We listened as some guy named Tom McCloskey was introduced as the first owner of Tampa’s yet unnamed team. We listened until I could FINALLY get outside to the important things of the day.  Little did I know that my life had just changed forever.

Then Everything Changed

Flash forward two years. I remember packing up the Pontiac Catalina for a trip to Tampa to see my first Bucs game. We would stay overnight at someplace called The Hawaiian Inn by the stadium after the game. A bag of orange and white streamers and some poster board was produced and my sisters and I got to decorate the car. What kind of magical experience is this?

We drove the 90 miles to Tampa. Other cars on the interstate were decorated for the game.

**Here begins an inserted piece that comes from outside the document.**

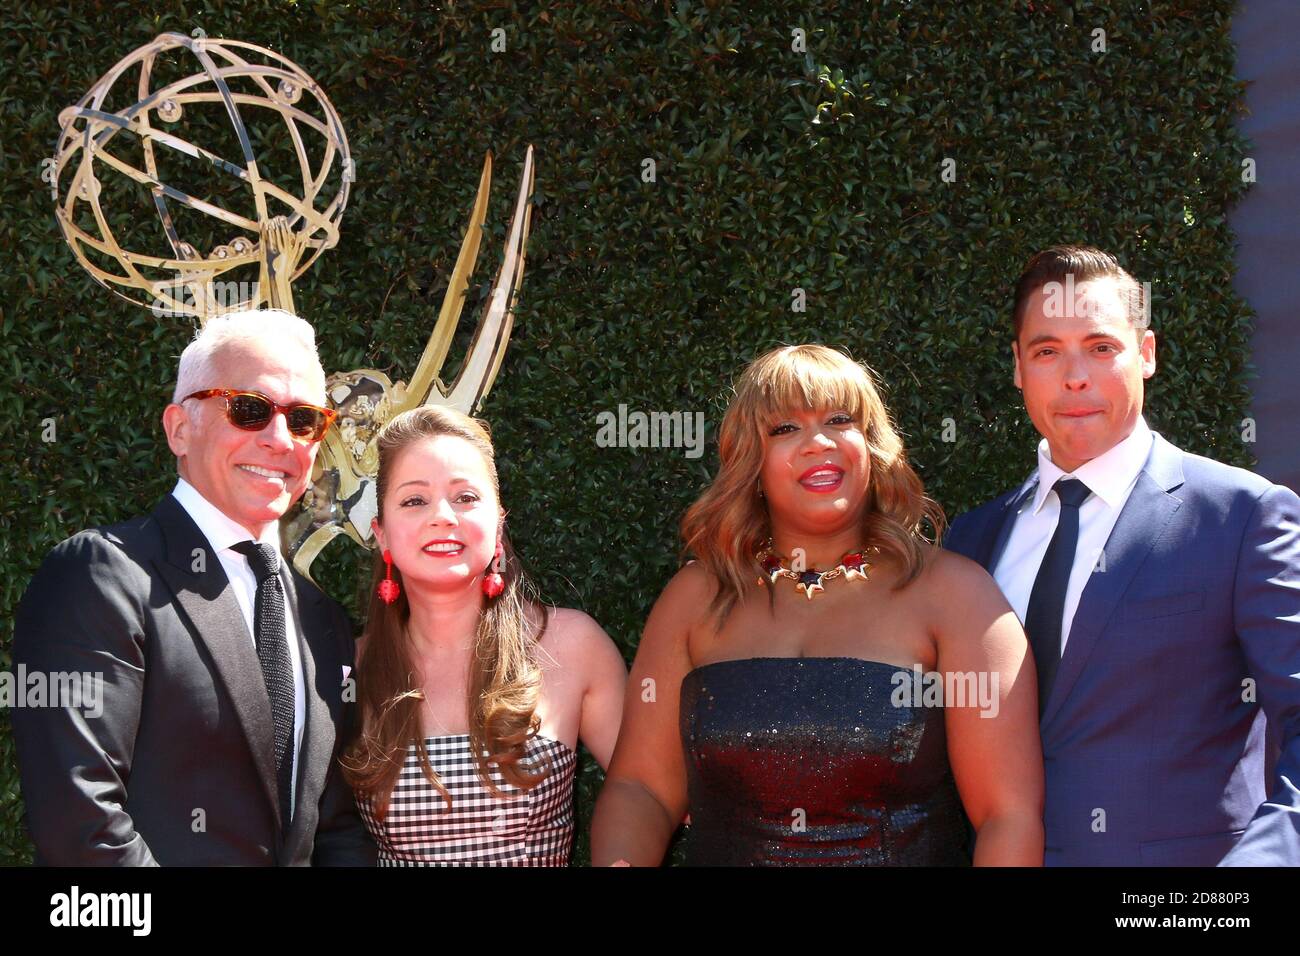 LOS ANGELES - APR 30:  The Kitchen, Geoffrey Zakarian, Marcela Valladolid, Sunny Anderson, Jeff Mauro at the 44th Daytime Emmy Awards - Arrivals at the Pasadena Civic Auditorium on April 30, 2017 in Pasadena, CA Stock Photo

Apparently this was a thing, and boy was it fun!

I don’t know which game we went to. I took pictures of the scoreboard in the Big Sombrero as it implored the crowd on one side. TAMPA! And the other side, BAY!!! I know little of anything else about that day other than this. When I came home, I was a Bucs fan for life!  Well, I also know we lost, but I didn’t even care.

While I had been geared up in orange Bucs t-shirts and gear all school year, the losing continued. I had embraced the fun of this team. Then the season started, and I was picked on mercilessly by all the Miami Dolphins fans at school. As a ten-year-old this did not intimidate me, it steeled my resolve. I would stick with this team no matter what! Little did I know what I was in for.

October 2001

I was always close to my mother. We always shared a love for the Bucs. I would call her and talk Bucs every day. We would talk about what it would be like if they ever won a Super Bowl. In October 2001 she was diagnosed with cancer and passed away in January of the next year. She was even buried with a Mike Alstott jersey (her favorite player).

The Super Bowl

The next season the Bucs won the Super Bowl. Sure, there is a part of me that is sad that she was not still alive to see it but I always imagined that when she got to heaven, she would have marched right up to God and made one request. Tampa 48, Oakland 21. Yeah.  That about covers it.

The Cheap Seats

When we went to that first game, we sat in the cheap seats. My single mom got what she could afford. It didn’t matter. I had the best seats in the house in my mind. My sisters and I cheered with her. We laughed, and all became Bucs fans. I even got season tickets for a couple of seasons.

My view in those days was the best view ever. Since then, I have been on the field and in the locker room for Pro Football Weekly as a photographer. I have sat on the 50-yard line.  I was even able to sit in the front row with Big Nasty once thanks to my friend Mark Goodman. All of those were special experiences, but the view was never better than it was as a kid watching from the cheap seats.  

I don’t want to see the game like so many experts. I don’t want to over-analyze and learn too much. What you will get from me is the view “From The Cheap Seats”. It’s better here.  I promise!

April 24, 1974. It was a magnificent day.